BEGIN Source material
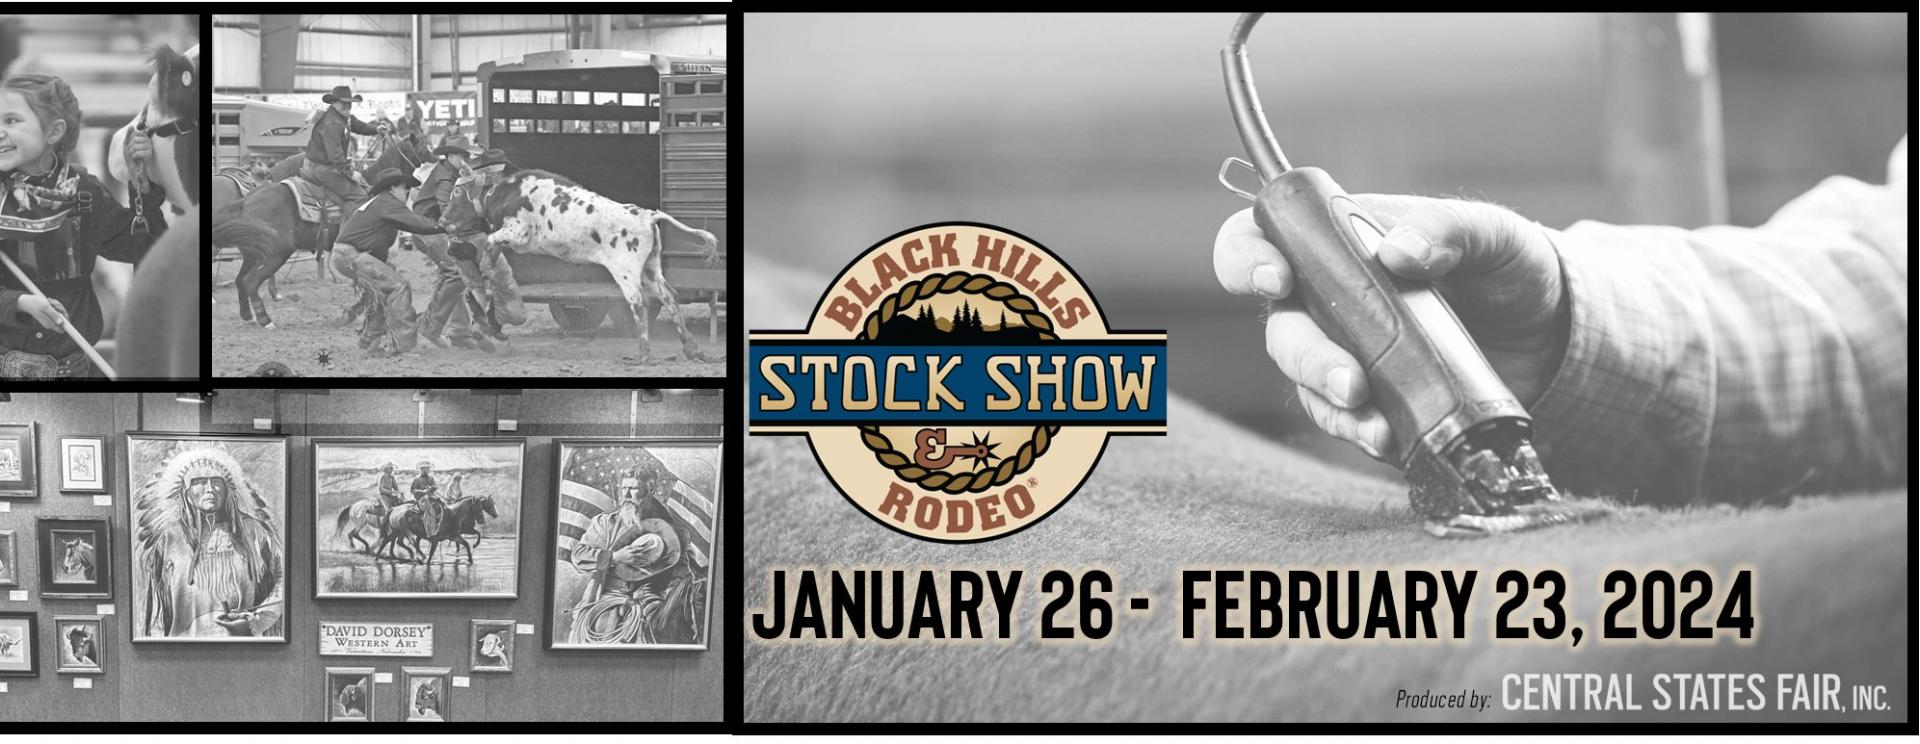 Black Hills Stock Show & Rodeo®
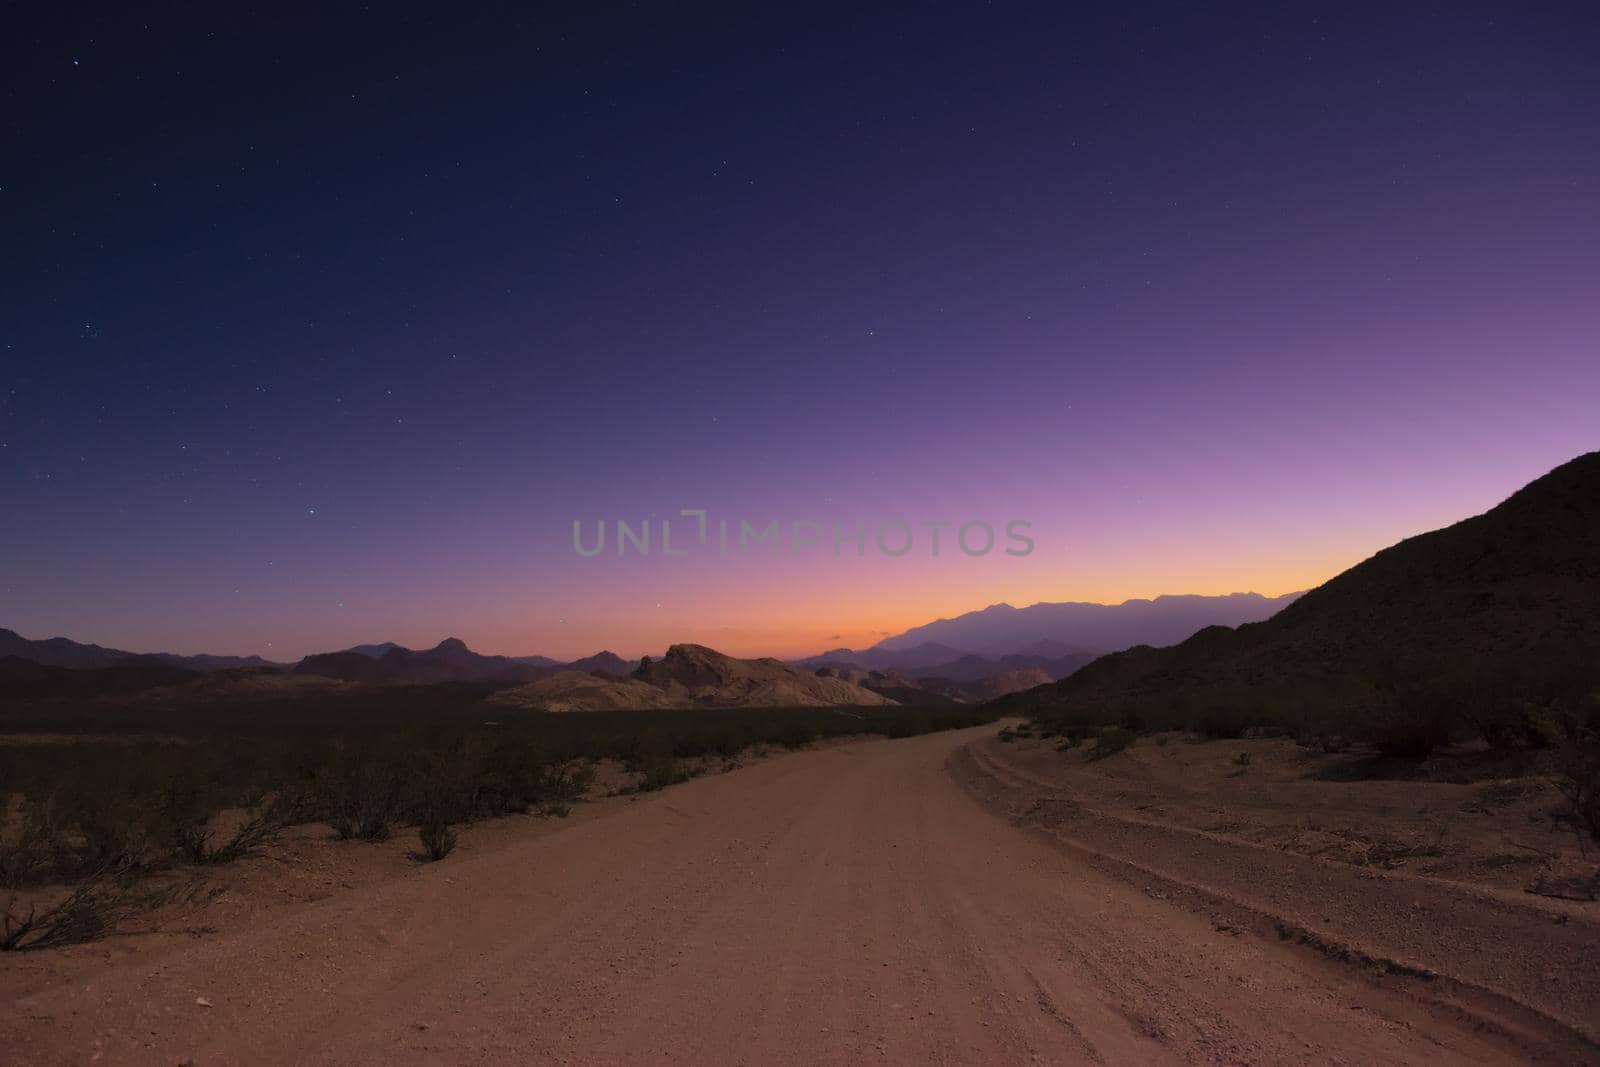 Dirt road into the unknown under a starry twilight sky.
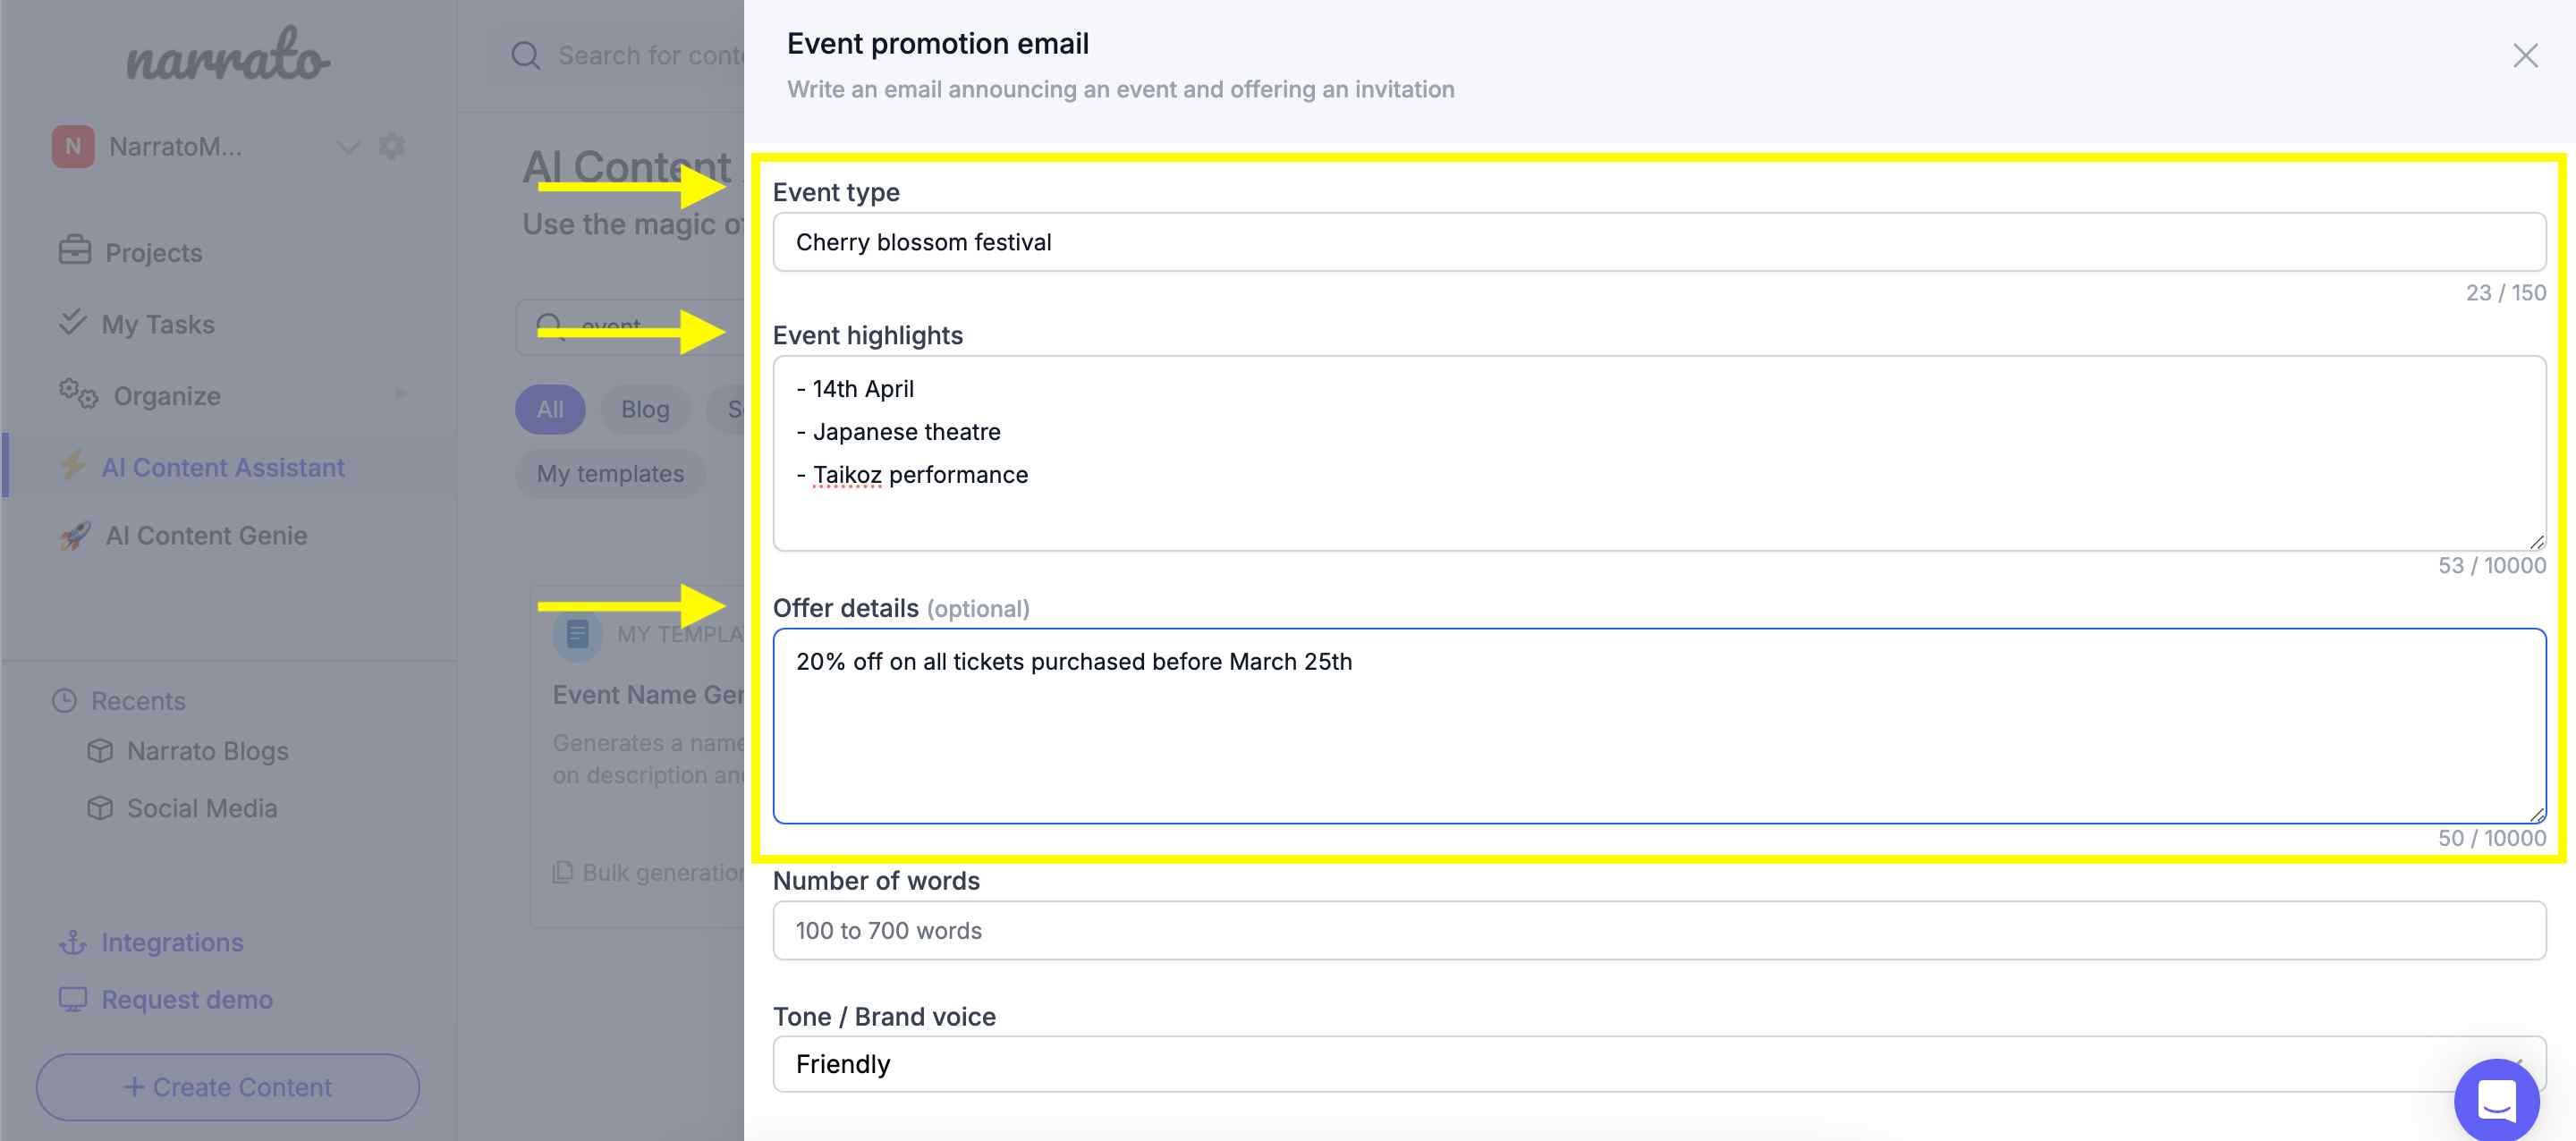 Adding event details in the event promotion email generator
END Source material
◆ What you need to do
When a line carries an image, skip the image and repeat everything else above exactly as written.

◆ Output for this task
 Black Hills Stock Show & Rodeo®
 Dirt road into the unknown under a starry twilight sky.
 Adding event details in the event promotion email generator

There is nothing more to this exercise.